:: WHAT NEEDS TO BE DONE ::
Everything in the records below from the line containing "Pięcioro uczniów klasy" through the line containing "10.56 carat lab" is to be reproduced exactly, those two lines included; no picture is to be copied.

:: TASK INPUTS ::
▬▬▬▬▬▬▬▬▬▬
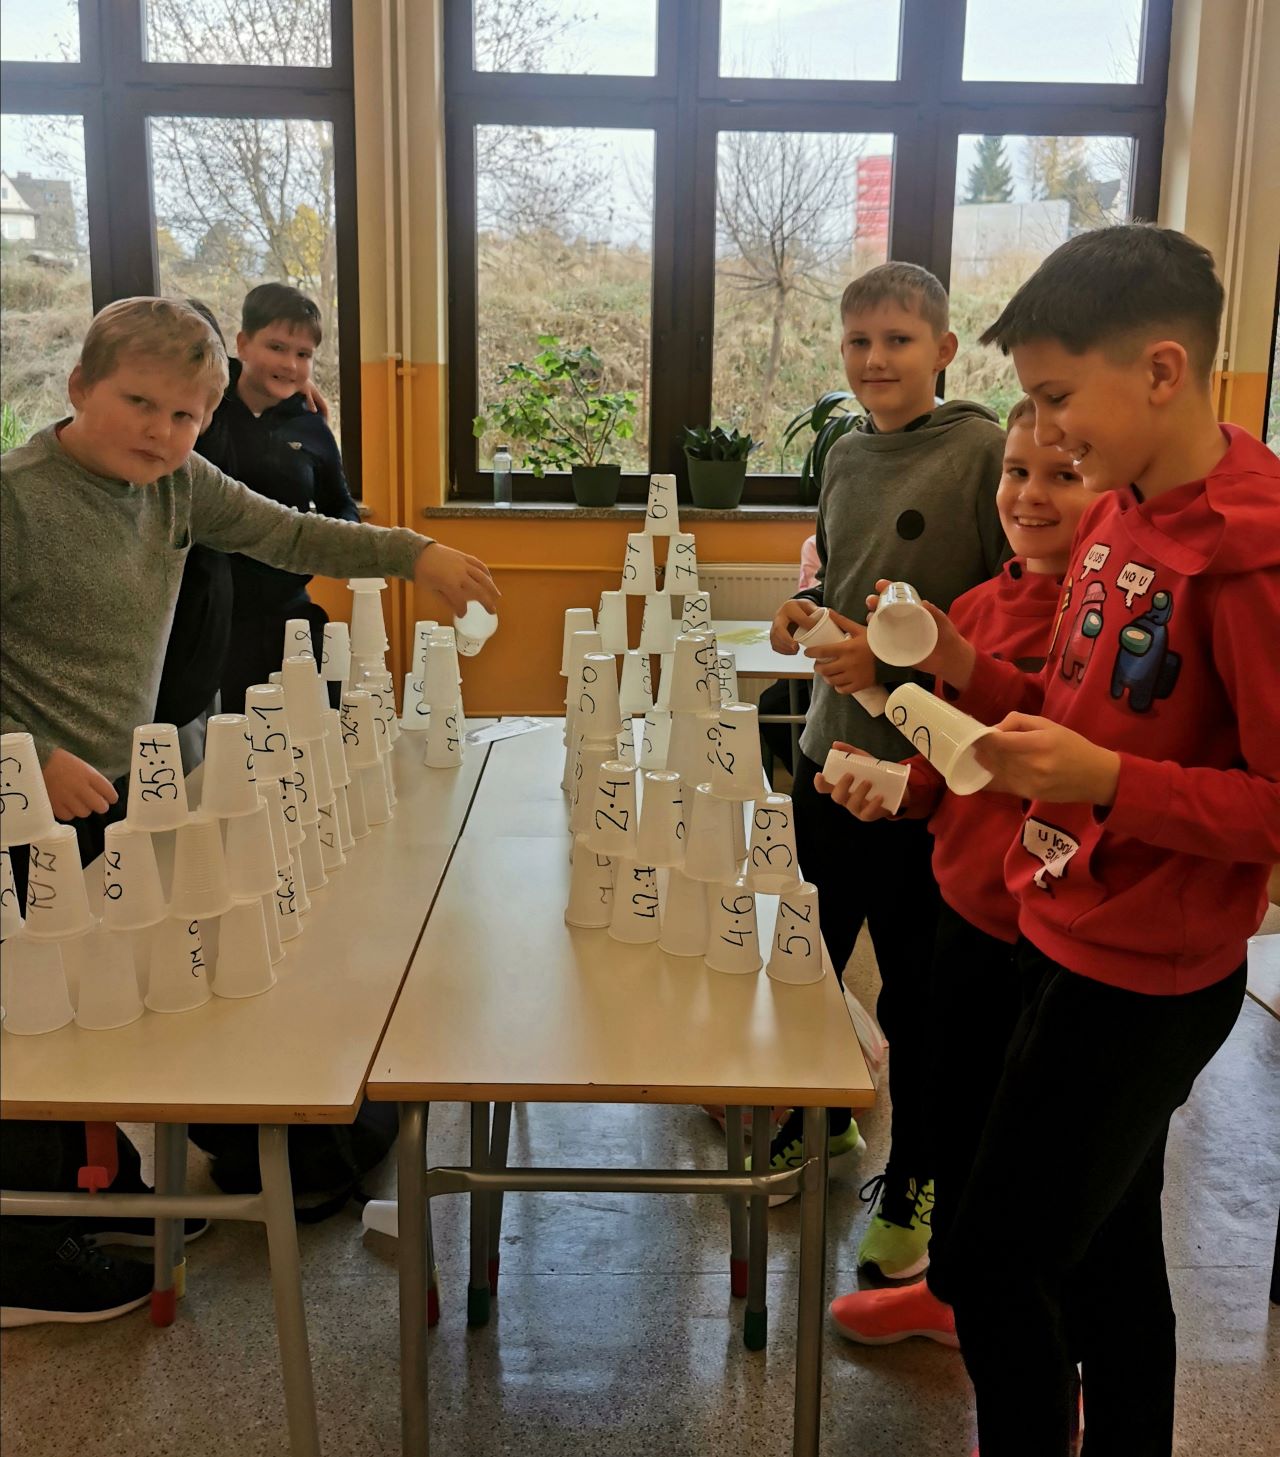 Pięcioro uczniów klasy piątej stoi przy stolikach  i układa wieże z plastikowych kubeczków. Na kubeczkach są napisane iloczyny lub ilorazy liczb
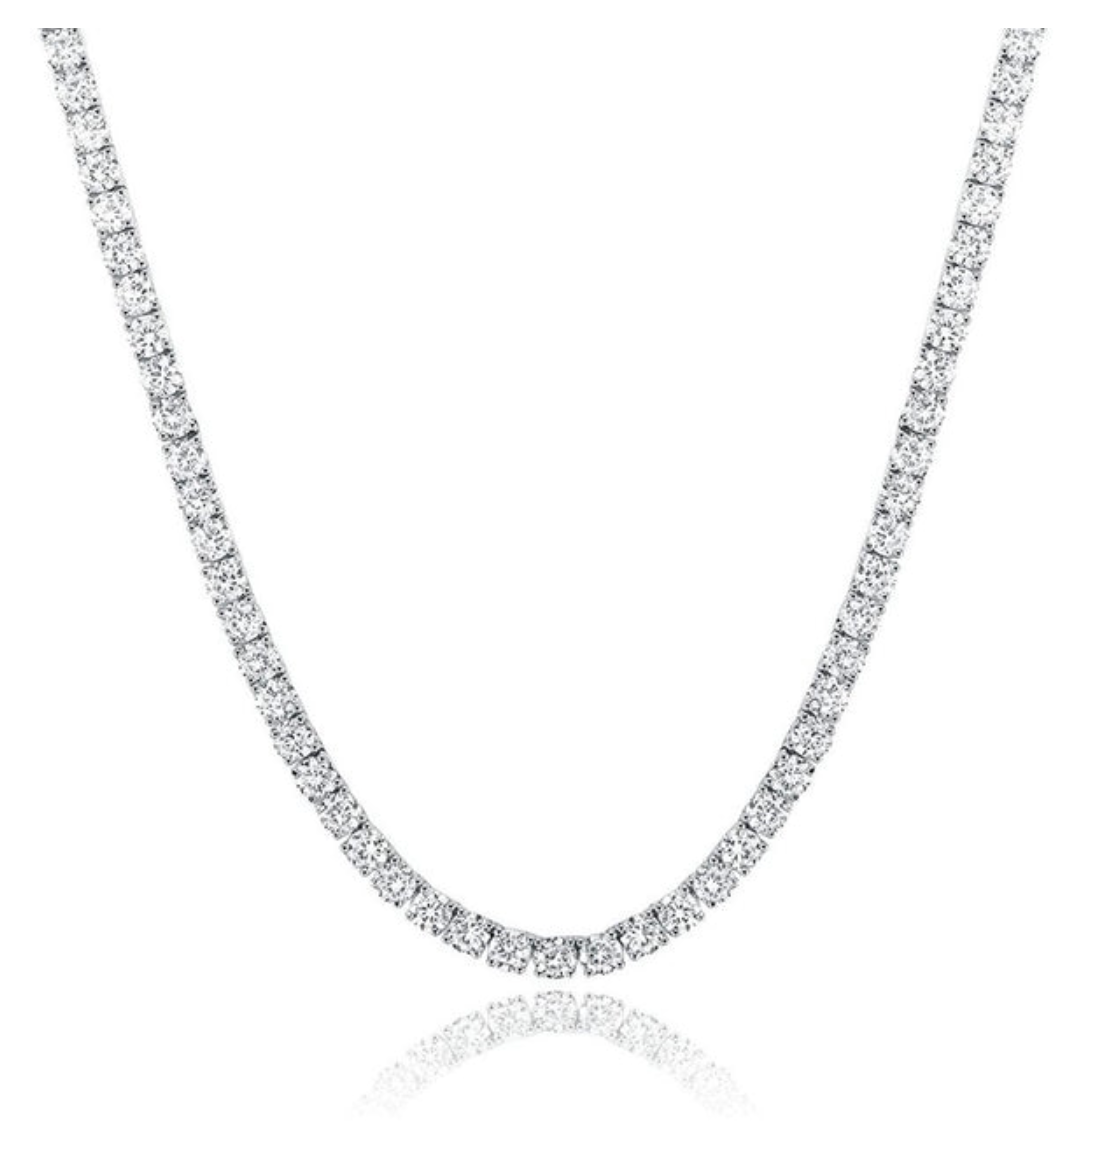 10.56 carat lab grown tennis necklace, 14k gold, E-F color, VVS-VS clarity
▬▬▬▬▬▬▬▬▬▬
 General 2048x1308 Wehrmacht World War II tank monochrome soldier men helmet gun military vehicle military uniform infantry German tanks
▬▬▬▬▬▬▬▬▬▬
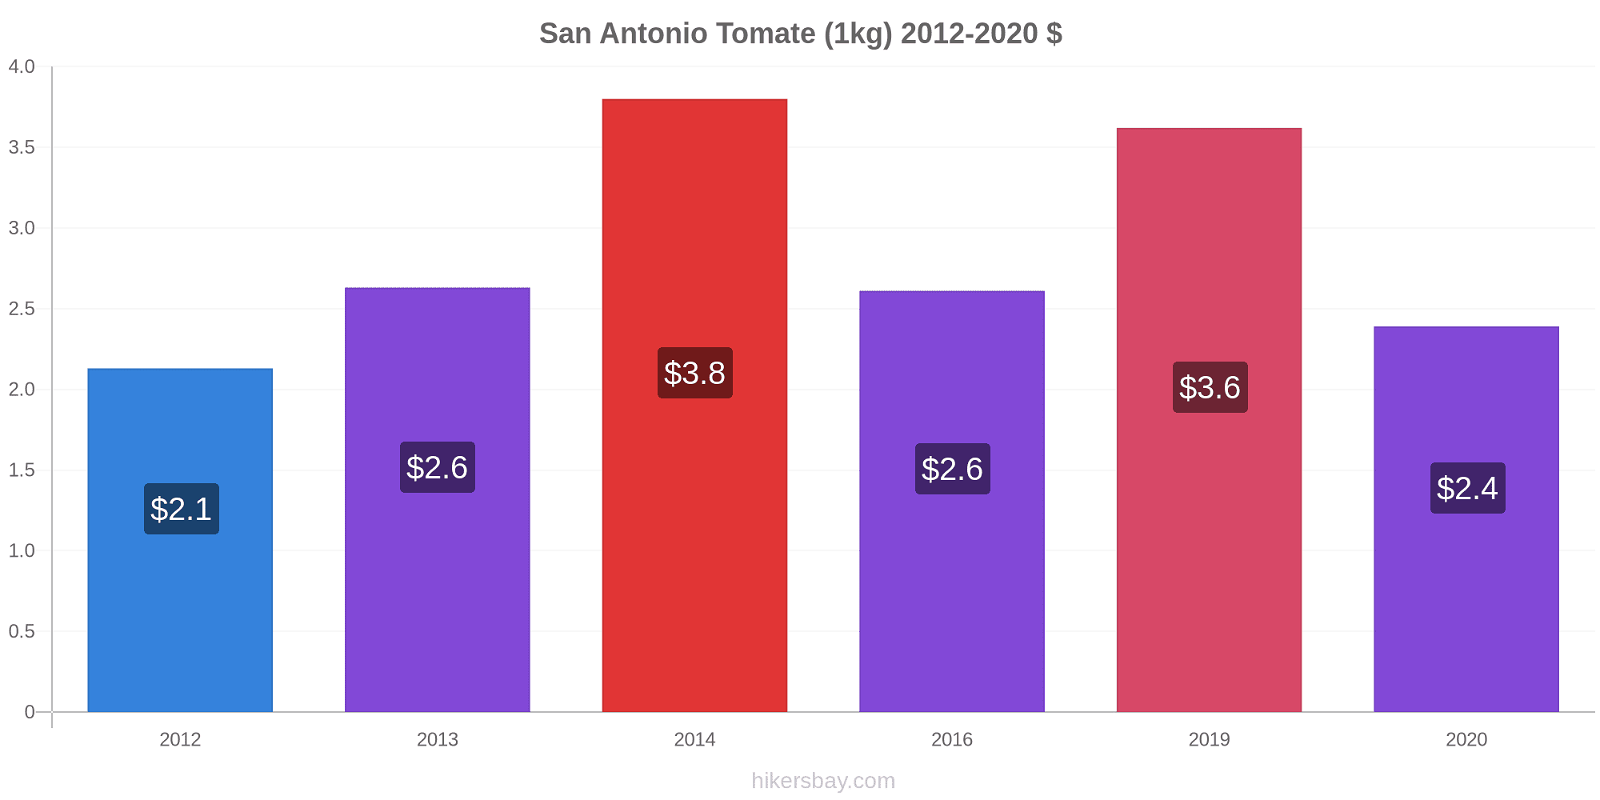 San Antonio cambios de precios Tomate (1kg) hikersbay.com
▬▬▬▬▬▬▬▬▬▬
:: RESULT OF THE EXERCISE ::
 Pięcioro uczniów klasy piątej stoi przy stolikach  i układa wieże z plastikowych kubeczków. Na kubeczkach są napisane iloczyny lub ilorazy liczb
 10.56 carat lab grown tennis necklace, 14k gold, E-F color, VVS-VS clarity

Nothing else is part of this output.